Aos 11 anos de idade ela teve a oportunidade de iniciar no ballet, mas Fabiane não descobriu a dança aos 11 anos, pelo contrário, ela já nasceu apaixonada por essa arte. Provavelmente quando criança não poderia imaginar o quão longe chegaria.

 

Sua jornada no ballet começou graças a uma bolsa de estudos, pela qual competiu com outros candidatos, em uma renomada academia da cidade de Tupã.
“Não tive oportunidade de estar na dança desde cedo porque quando criança isso era algo pra elite, muito caro. Comecei a estudar ballet através de uma bolsa, porém quando acabou o período dessa bolsa eu não tinha condições financeiras para continuar. Mas sabia que desistir não era uma opção”, conta a bailarina.

Decidida ela procurou por soluções para continuar no ballet e propôs auxiliar nas aulas em troca dos estudos. Sua mãe observando o interesse e dedicação da filha ofereceu costurar os figurinos da academia, dessa maneira ela conseguiu ir adiante.

Como a própria bailarina diz, desistir nunca foi opção. Ela tem um extenso currículo que só comprova seu empenho.
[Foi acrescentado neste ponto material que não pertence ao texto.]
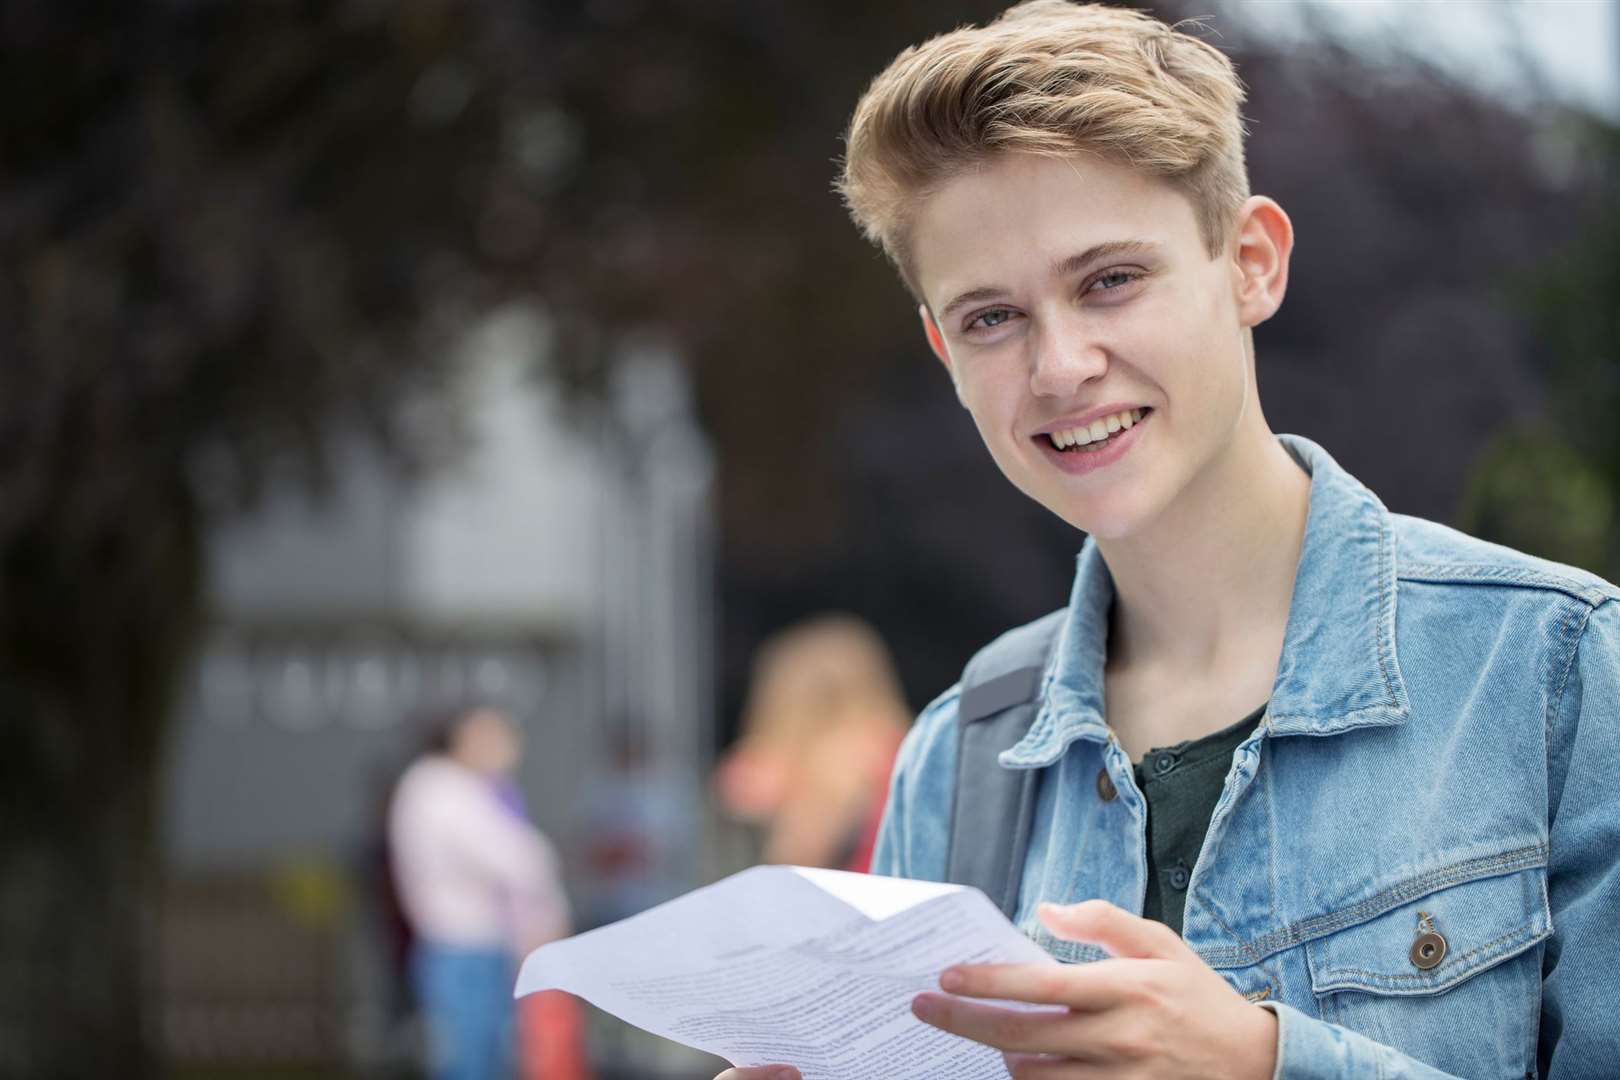 Collecting A-level results is a different experience this year

É formada em Educação Física pela Esefap de Tupã, em ballet clássico pela Royal Academy Of Dance, tem pós-graduação em Fisiologia do Exercício de Dança e Consciência Corporal, além dos inúmeros cursos da área como jazz dance, sapateado, flamenco e dança do ventre.

A carreira como professora surgiu a partir de uma oportunidade em Osvaldo Cruz. “Já ajudava nas aulas da Academia de Artes Maria Cristina Cisneiro Dias, onde estudei, quando surgiu uma oportunidade para ensinar ballet em uma escola de Osvaldo Cruz. Lecionei nessa escolinha durante muitos anos e lá tinha uma pequena turma no período oposto onde desenvolvi um trabalho voluntário. Quando dei por mim já estava dando aulas há 15 anos”.

A bailarina seguiu adiante como professora e atualmente tem duas unidades de ensino que levam seu nome, uma em Tupã e outra em Osvaldo Cruz.
A jovem que entrou no ballet através de uma bolsa de estudos e se esforçou para continuar a trilhar este caminho multiplicou a oportunidade que recebeu. Há muitos anos faz a diferença na vida de jovens que assim como ela têm o sonho de viver na dança. Isso porque além dos alunos do particular, Fabiane também desenvolve um belo trabalho social com a dança.

Ao todo são 60 alunos de projetos sociais e ONGS que estudam em sua escola de Osvaldo Cruz. Lá eles aprendem a técnica clássica e uma modalidade denominada dança educação, onde a proposta é trabalhar a partir dos movimentos criados pelas próprias crianças.

“O que o ballet traz é grandioso demais para pontuar, não é apenas uma atividade física é algo transformador. As crianças que fazem ballet são proativas, disciplinadas e compromissadas”. Fabiane Ortega

“Eu acredito no trabalho social. Essas crianças que estão comigo terão outro olhar em relação à vida. Tudo que a dança proporciona, a responsabilidade, a sociabilização, tudo isso continua a me surpreender, pois realmente causa mudanças. Eu não divido as turmas entre projetos e particular, as crianças estudam todas juntas, isso é a arte, a união. Este tipo de trabalho faz bem ao outro e também me faz muito feliz”, conta.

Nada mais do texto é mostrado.